The byte-level audit lives in results/sft_template_audit.jsonl
(produced by python -m atlas.train.sft --config configs/sft_qwen05b.yaml --dump-template-audit).
Our config¶
Hyperparameters¶
From configs/sft_qwen05b.yaml — these are the SFT-specific
knobs. Everything else (LoRA rank, quantization, target modules) is inherited
from base.yaml and covered on the LoRA / QLoRA page.
| Knob | Value | Why |
|---|---|---|
learning_rate |
2.0e-4 | QLoRA paper recommendation for r=16. Higher than full fine-tuning would tolerate because LoRA's low-rank update bounds per-step weight change. |
num_train_epochs |
1 | One pass over 5k rows.

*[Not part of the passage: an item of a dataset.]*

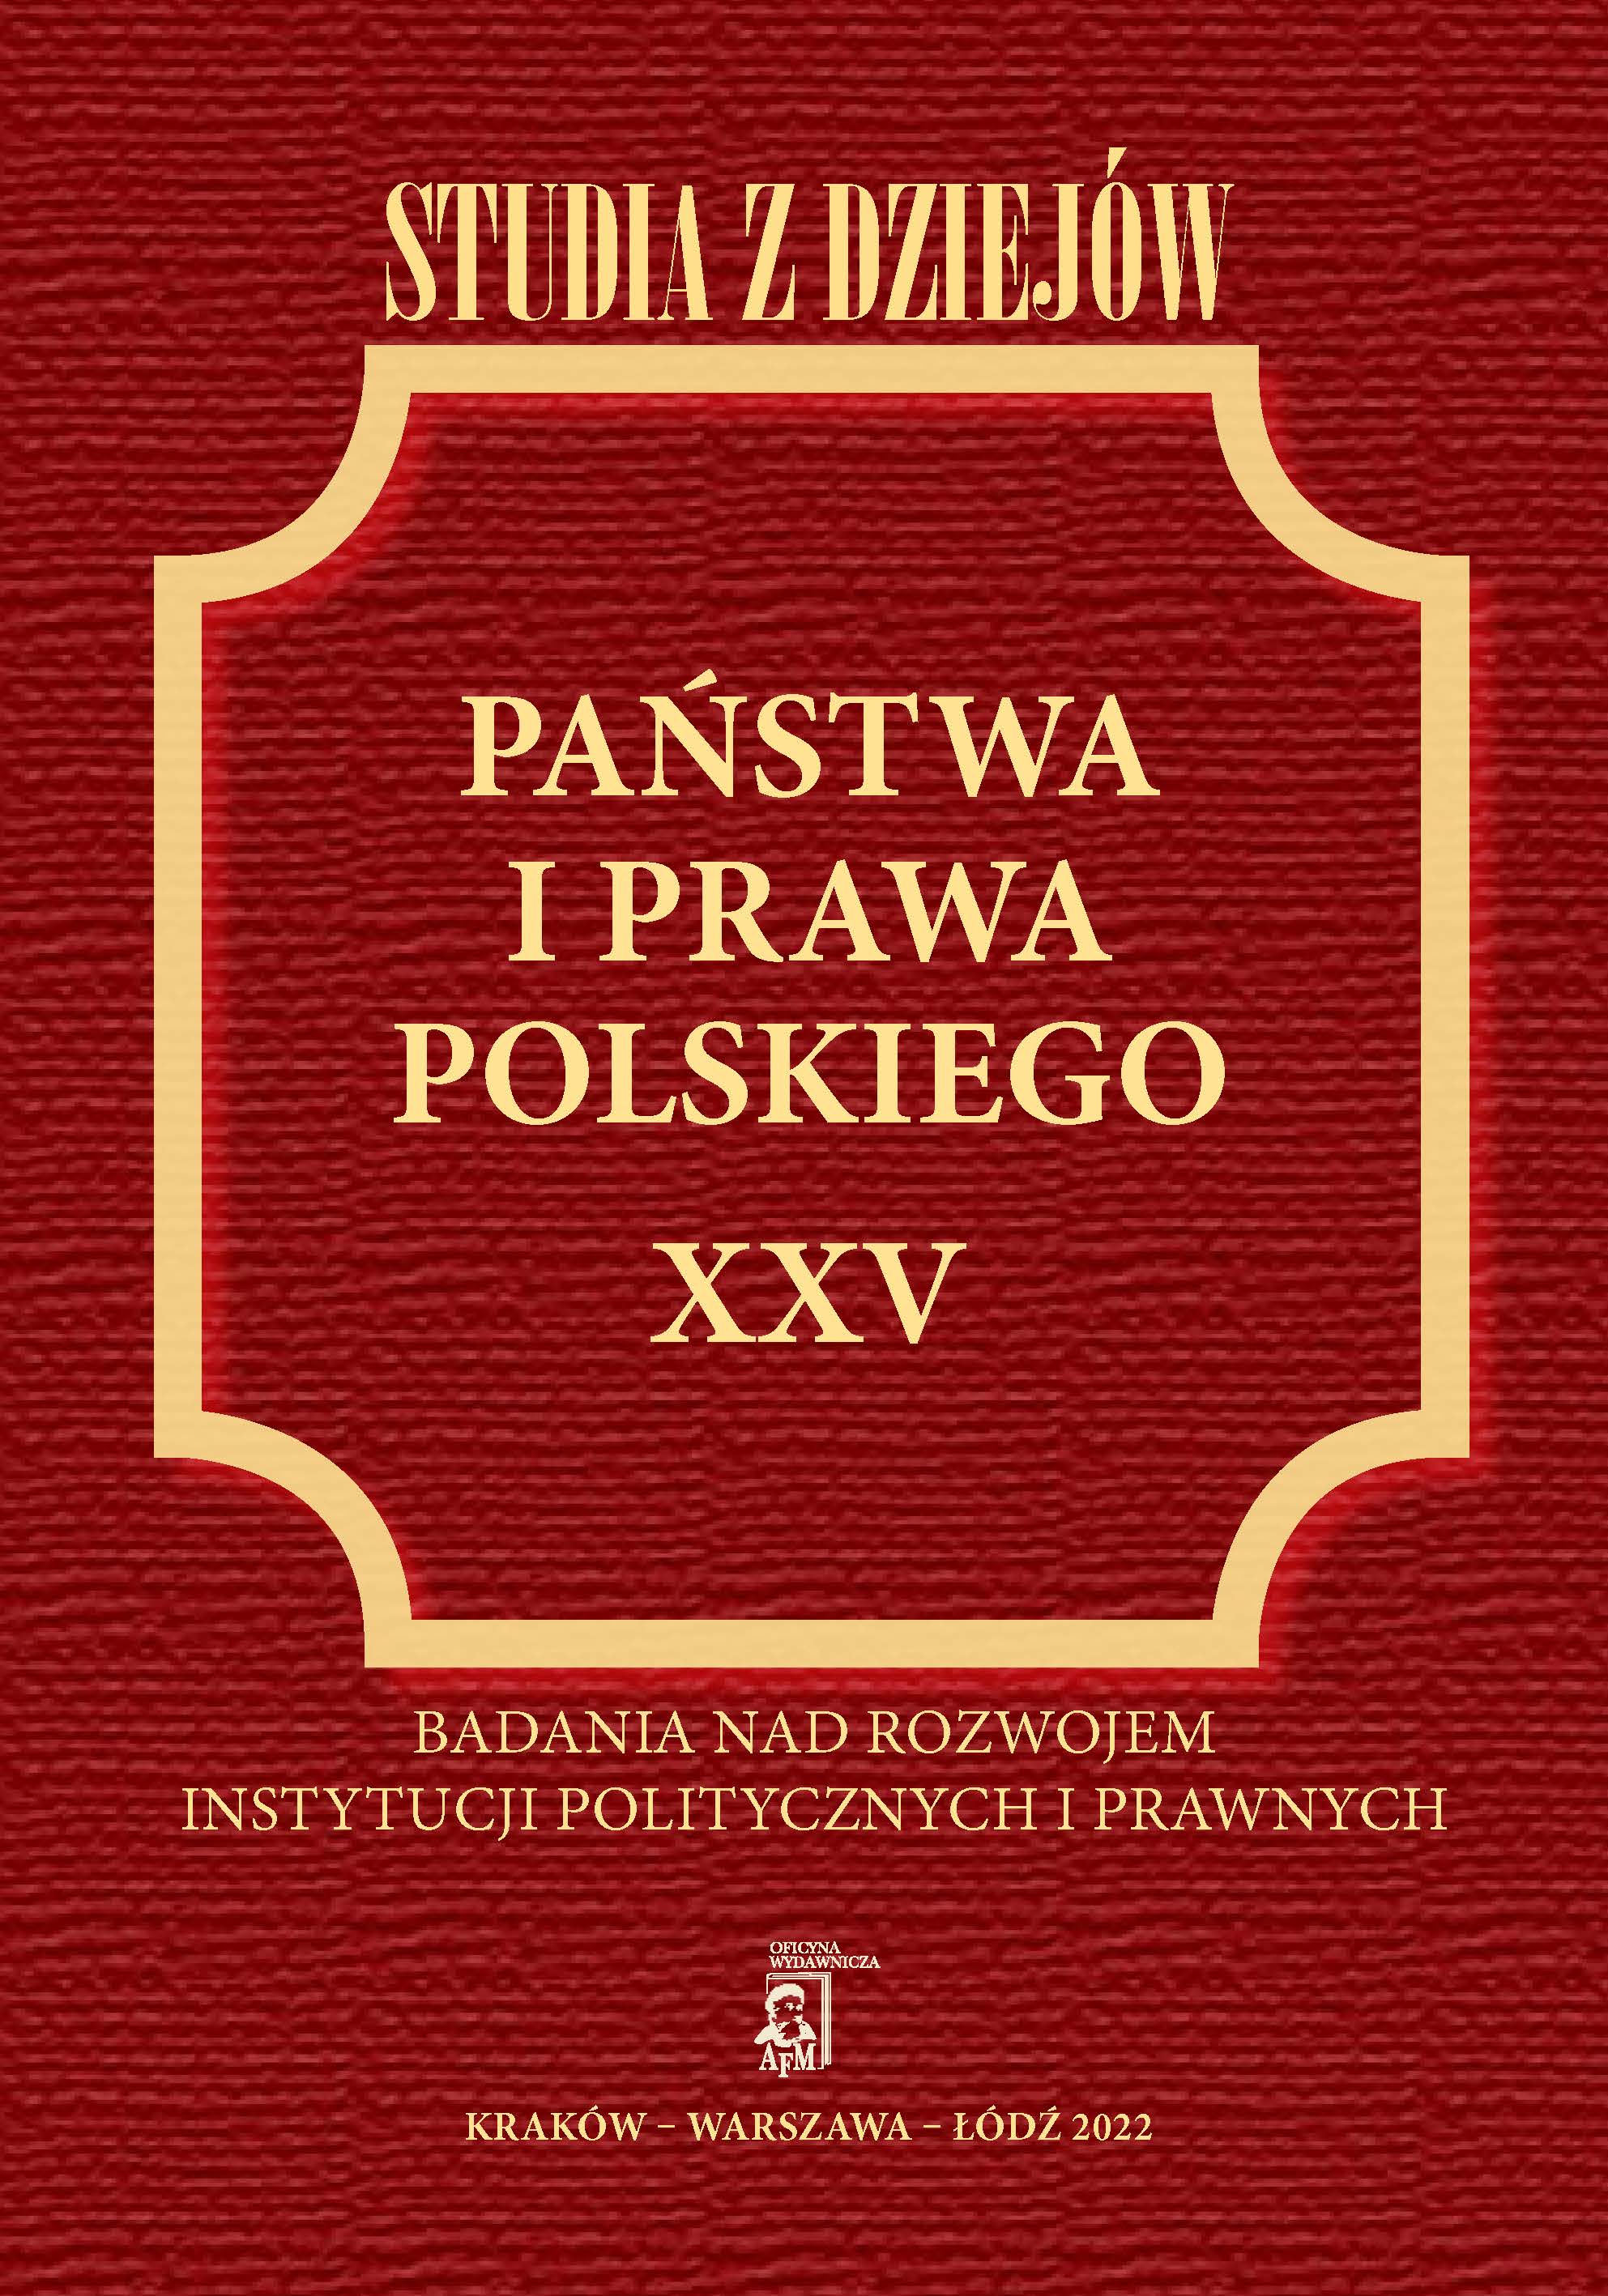 Polowe organy administracji wojska polskiego w sprawach rekwizycji żywności w okresie powstania listopadowego 1830–1831 roku

Phase 1 goal is "make IFEval move past base," not "saturate." More epochs risks overfitting to UltraChat style. |
per_device_train_batch_size |
4 | T4 memory ceiling with 0.5B + 4-bit + LoRA + gradient checkpointing. |
gradient_accumulation_steps |
4 | Effective batch = 16. Standard for instruction-tuning at this scale. |
warmup_ratio |
0.03 | 3% of total steps. Short warmup because the run is short (~80 steps total) — longer warmup costs progress. |
gradient_checkpointing |
true |
Required to fit batch=4 inside 16 GB. Trades ~30% compute for ~50% memory. |
logging_steps |
10 | Roughly every ~12% of training — enough resolution for the loss curve to be readable without spamming W&B. |
save_strategy |
"no" |
Single checkpoint saved at the end via trainer.save_model. No mid-run checkpoints for an ~80-step run — they'd be noise. |
report_to |
wandb |
If WANDB_API_KEY is set, run logs go to the project. The Kaggle notebook auto-disables this when the secret isn't configured. |
Step count math¶
5,000 samples / (batch_size × grad_accum) = 5,000 / (4 × 4) = 312.5 → ~80 steps per epoch
× 1 epoch = ~80 total steps
The smoke run (make sft-smoke) caps this at 50 steps with --max-steps 50
to catch wiring failures in ~5 minutes before the full run.
Output¶
On success, the trained LoRA adapter is pushed to HF Hub at
agaonker/atlas-sft-qwen05b-v2 (the cfg.output.hub_repo in
sft_qwen05b.yaml). The base model is never modified; only the
~2.1 M LoRA params are saved. The patched tokenizer is saved alongside the
adapter so eval can load it via --tokenizer agaonker/atlas-sft-qwen05b-v2.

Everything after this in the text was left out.